While one can hardly accuse the market of being particularly nervous at this moment, with the VIX dropping to single digits earlier today for the first time in a decade, and with strategists and pundits explaining to anyone who will listen how this is the “most hated rally ever” despite the S&P trading at all time highs at valuations that are in the 99 historical percentile, an interesting admission was made today by Bank of America which reported that in April, its Sell Side Indicator, a proprietary measure of Wall Street’s bullishness on stocks, rose by 0.6ppt to 53.5, its highest level since August 2015 (recall August 2015 is when the infamous ETFlash Crash took place, sending the Dow Jones brief lower by 1,000 points).
BofA’s Savita Subramanian also explains that the indicator moved further into ‘Neutral’ territory, where it has been for the past five months.
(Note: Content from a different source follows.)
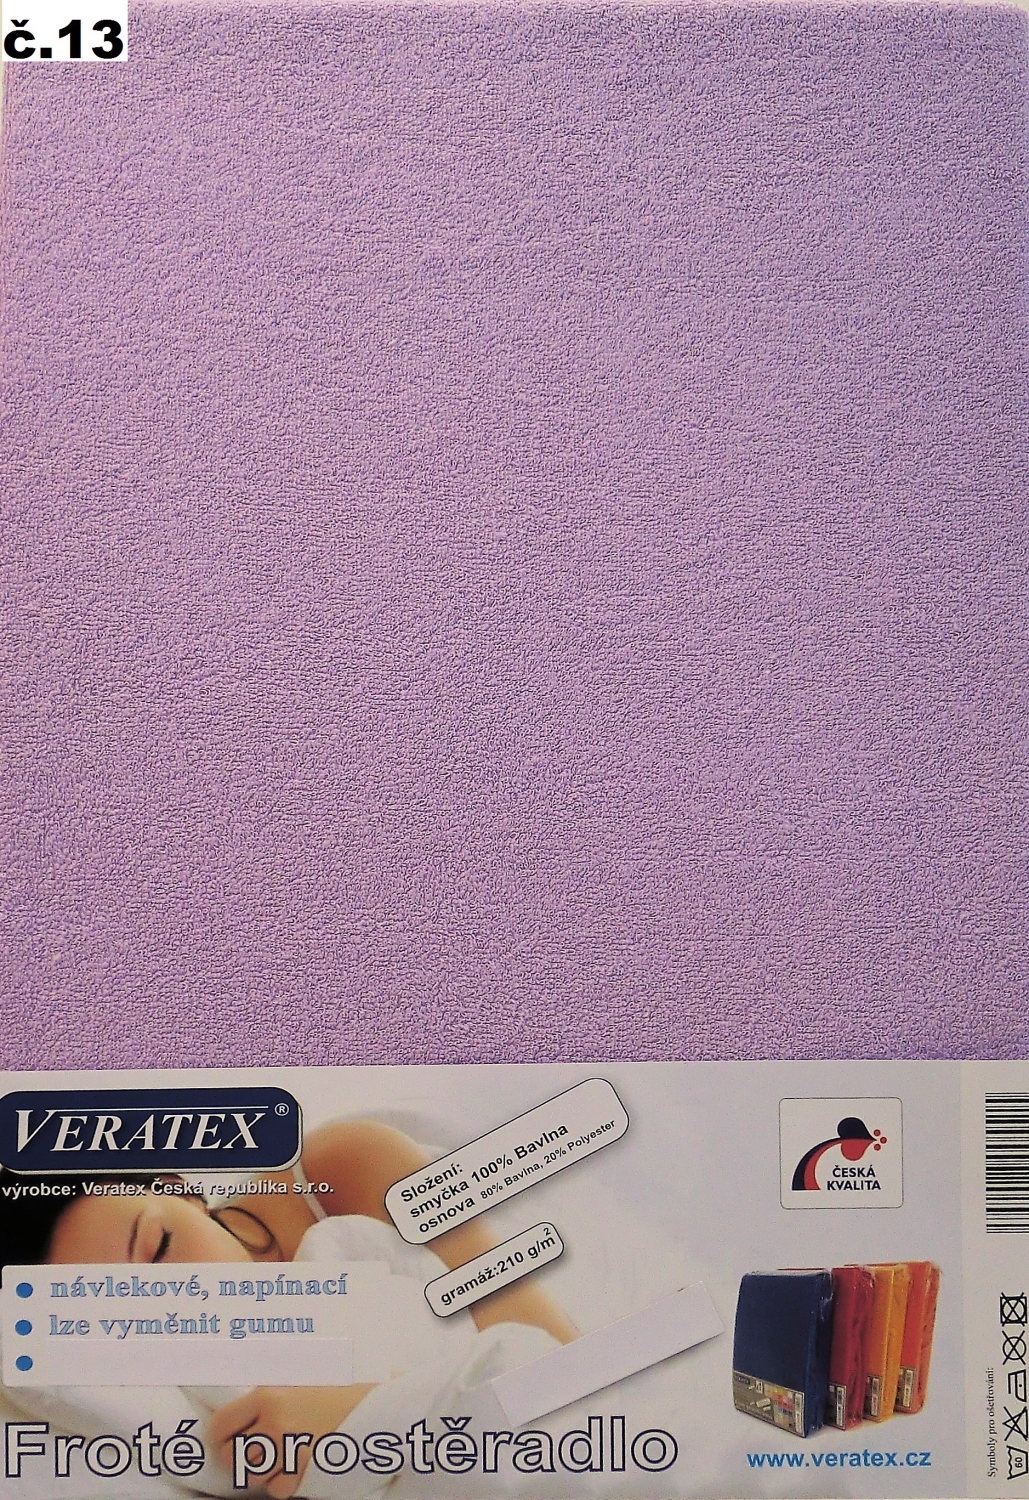 Veratex Froté prostěradlo 140x200 cm (č.13-fialková)
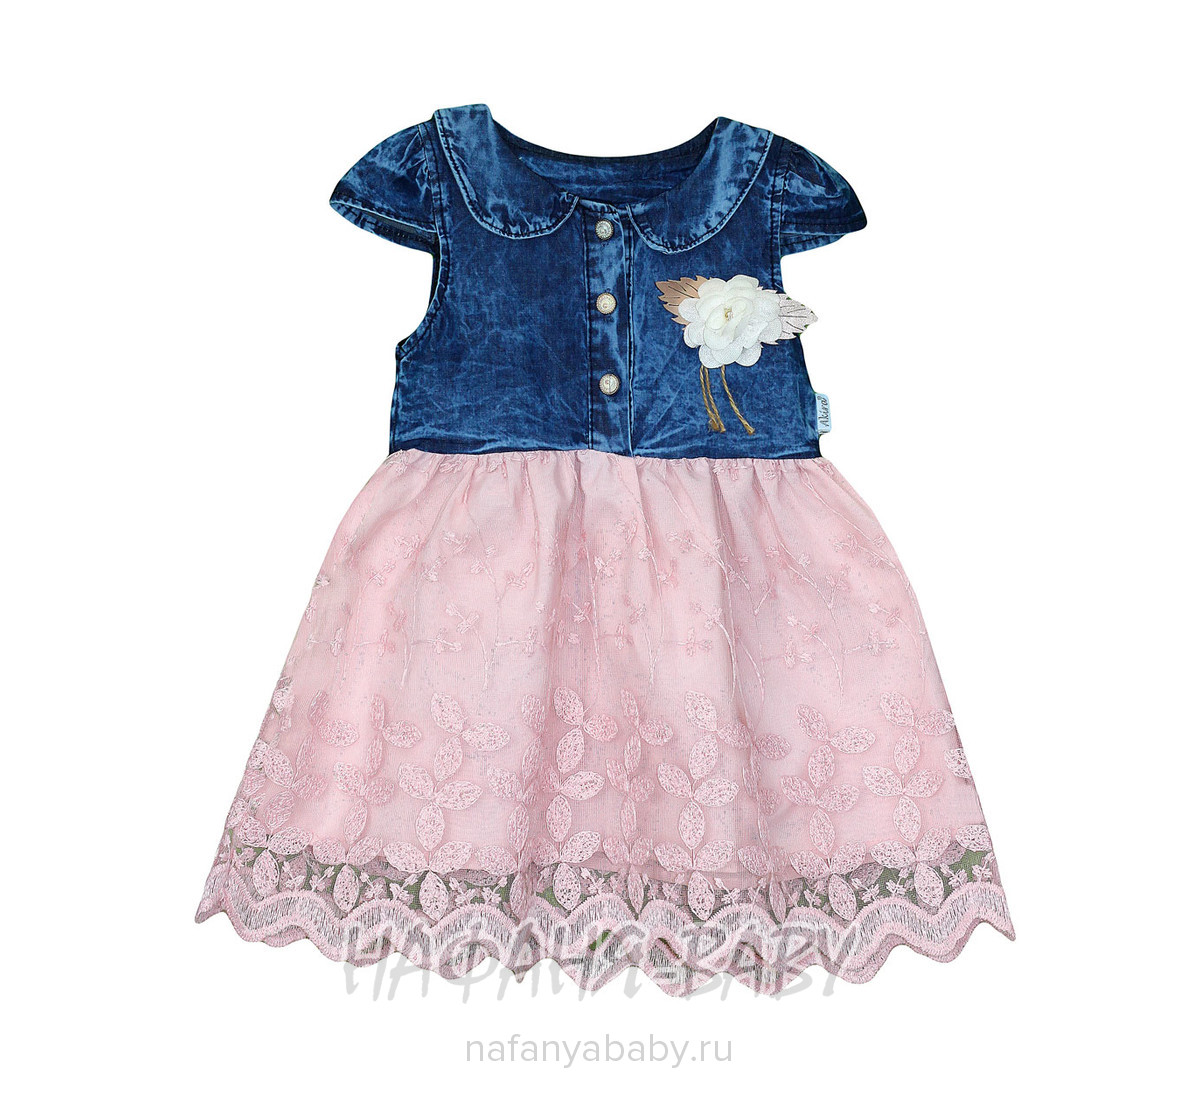 Детское джинсовое платье AKIRA, купить в интернет магазине Нафаня. арт: 2637.

What is curious is that while sentiment has improved significantly off of the 2012 bottom – when this indicator reached an all-time low of 43.9 – today’s sentiment levels are barely above where they were at the market lows of March 2009.
And yet, while modest the transition is notable, at least to the BofA strategist, who writes that “the recent inflection from skepticism to optimism could be the first step toward the market euphoria that we typically see at the end of bull markets and that has been glaringly absent so far in the cycle.”

This post was published at Zero Hedge on May 1, 2017.

Comments are closed.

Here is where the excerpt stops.